Strip back any flaking finish, sand to a key, prime bare wood or metal, then use an exterior-grade paint or eggshell — two thin coats, with the right primer doing most of the heavy lifting.

Garden furniture lives a hard life — UV, rain, frost, and people plonking themselves down on it — so prep matters more than the paint you finally brush on.

Start with the surface. For old wooden furniture, scrape off anything loose, then sand the whole thing back to give it a key. If it's been oiled before (teak, iroko, that sort of thing), the oil has to come off or nothing will stick — degrease it with sugar soap and let it dry properly. For metal, knock back any rust with a wire brush.

Then prime. Bare or weathered wood needs a stabilising primer — Zinsser Cover Stain is a cracking all-rounder for exterior timber and blocks tannin bleed from oak. For metal, Hammerite goes straight onto rust and self-primes, or use Zinsser on galvanised. Don't skip this step, mate — outdoor paint failures are nearly always a primer problem, not a topcoat one.
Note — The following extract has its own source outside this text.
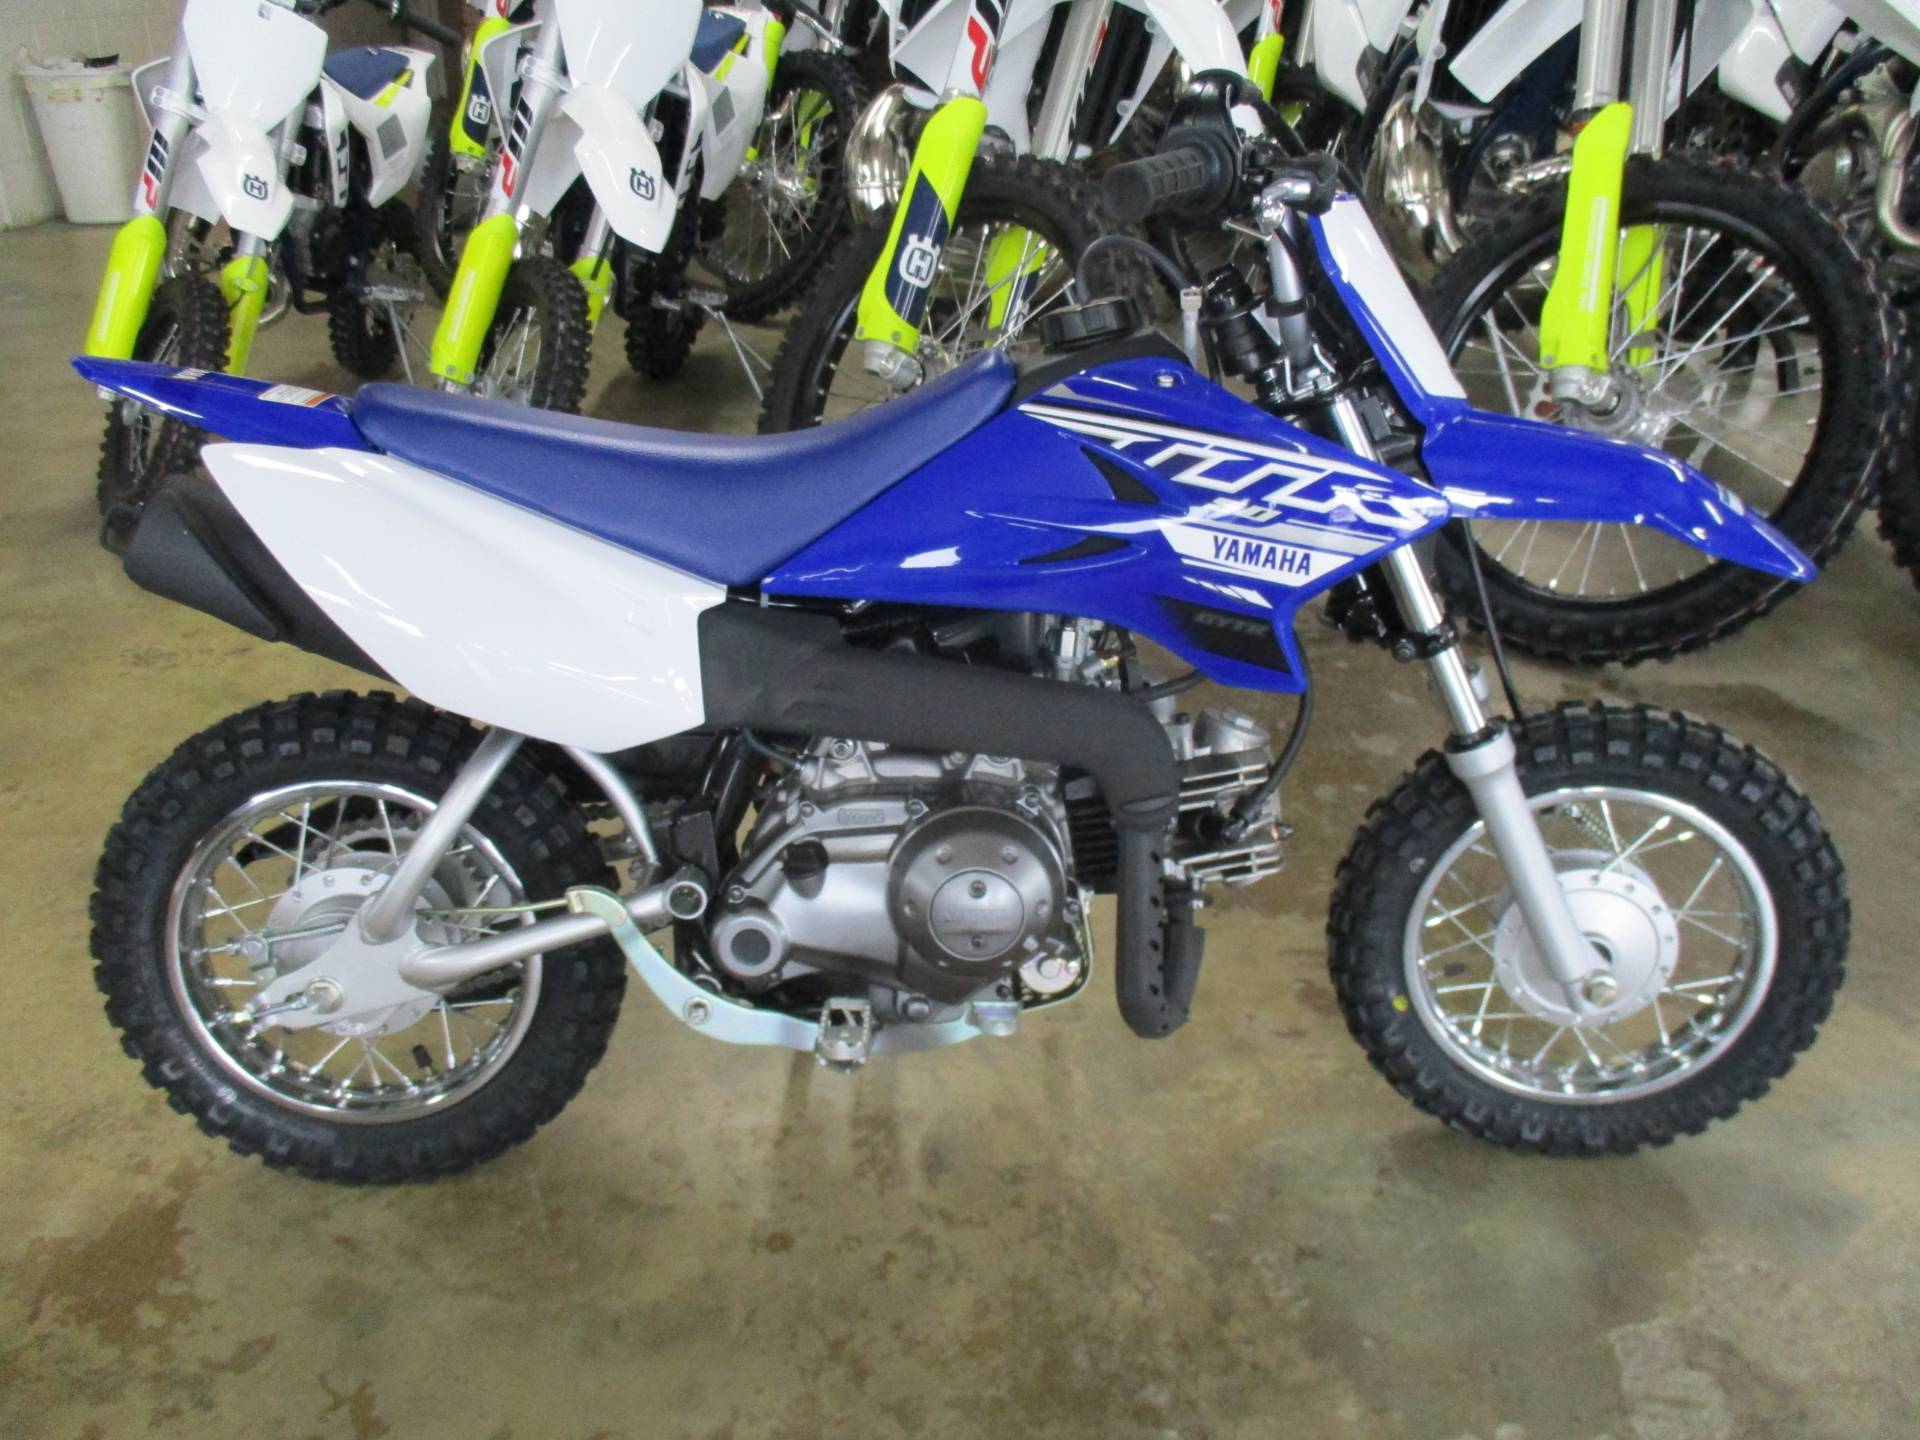 New 2019 Yamaha TT-R50E | Motorcycles in Hendersonville NC
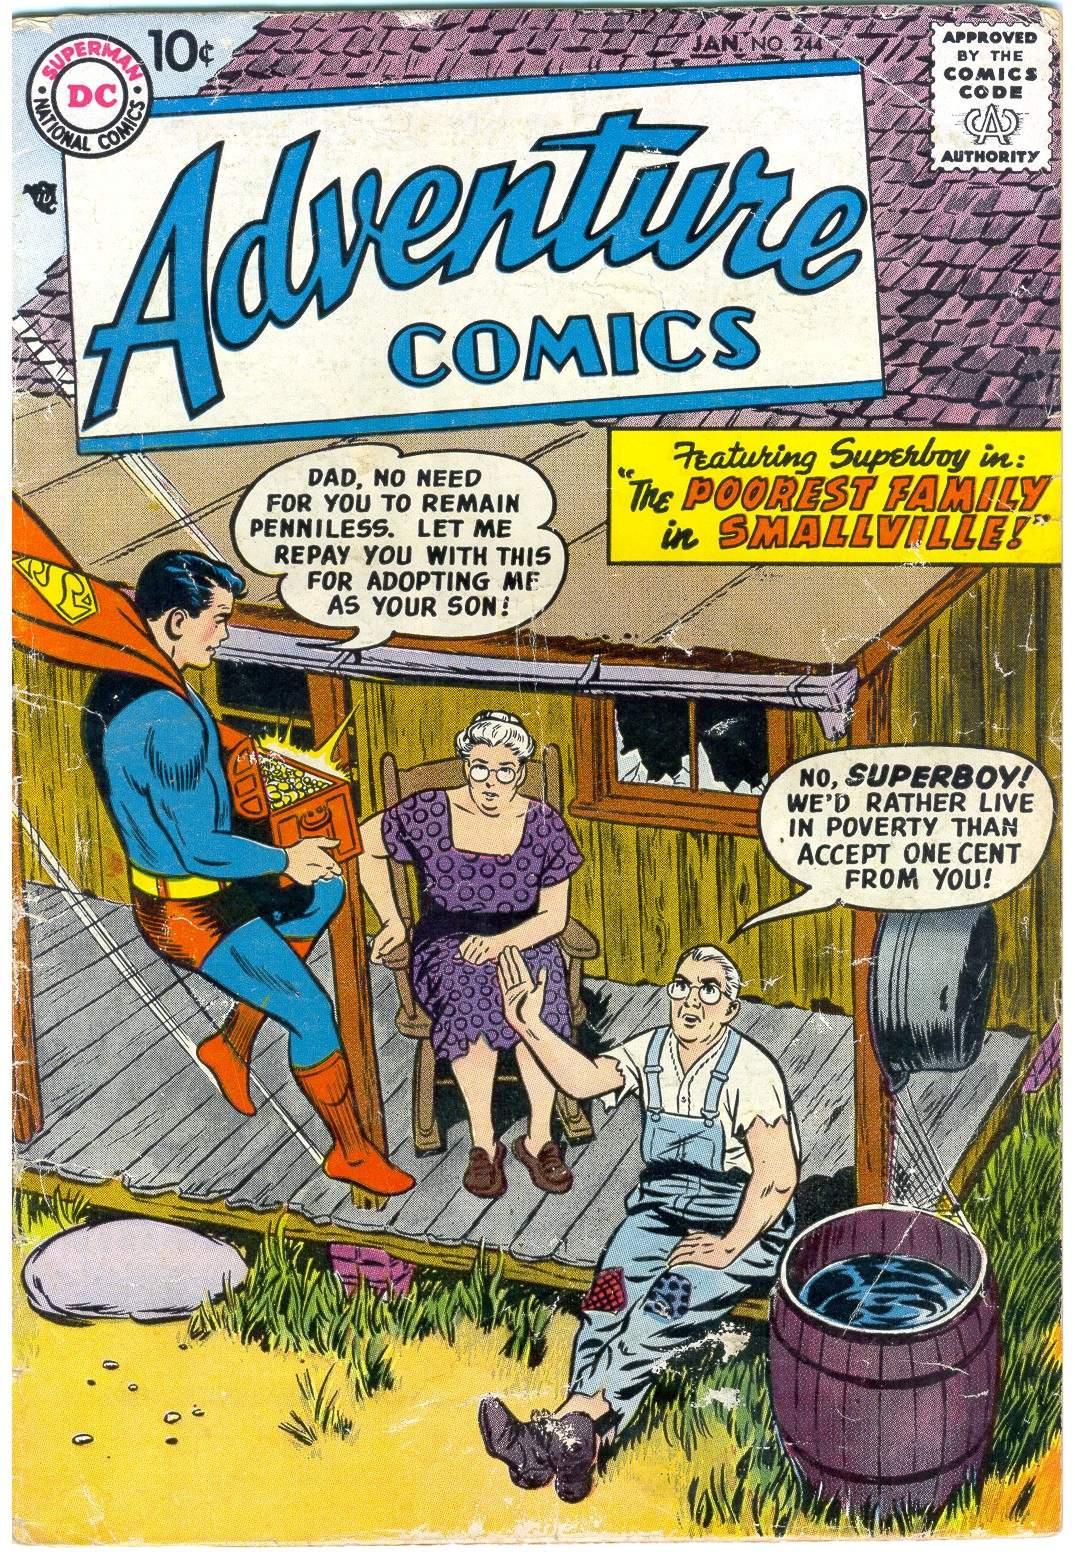 Read online Adventure Comics (1938) comic -  Issue #244 - 1

For the topcoat, you want something built for outside. Little Greene Intelligent Exterior Eggshell is my go-to — it's water-based, flexible, and holds colour beautifully through the seasons. Their Pleat or a soft heritage green works lovely on a bench. Crown also do a solid exterior eggshell if you're watching the budget. Two thin coats always beats one thick one — thick coats skin over and crack.

Colour-wise, darker shades cope better with weathering and hide the inevitable scuffs. A deep green sits beautifully against planting — something like Farrow & Ball's Studio Green or Card Room Green looks the part on timber. If you want a softer, painterly look, Pigeon is a gorgeous muted blue-grey that suits a country garden.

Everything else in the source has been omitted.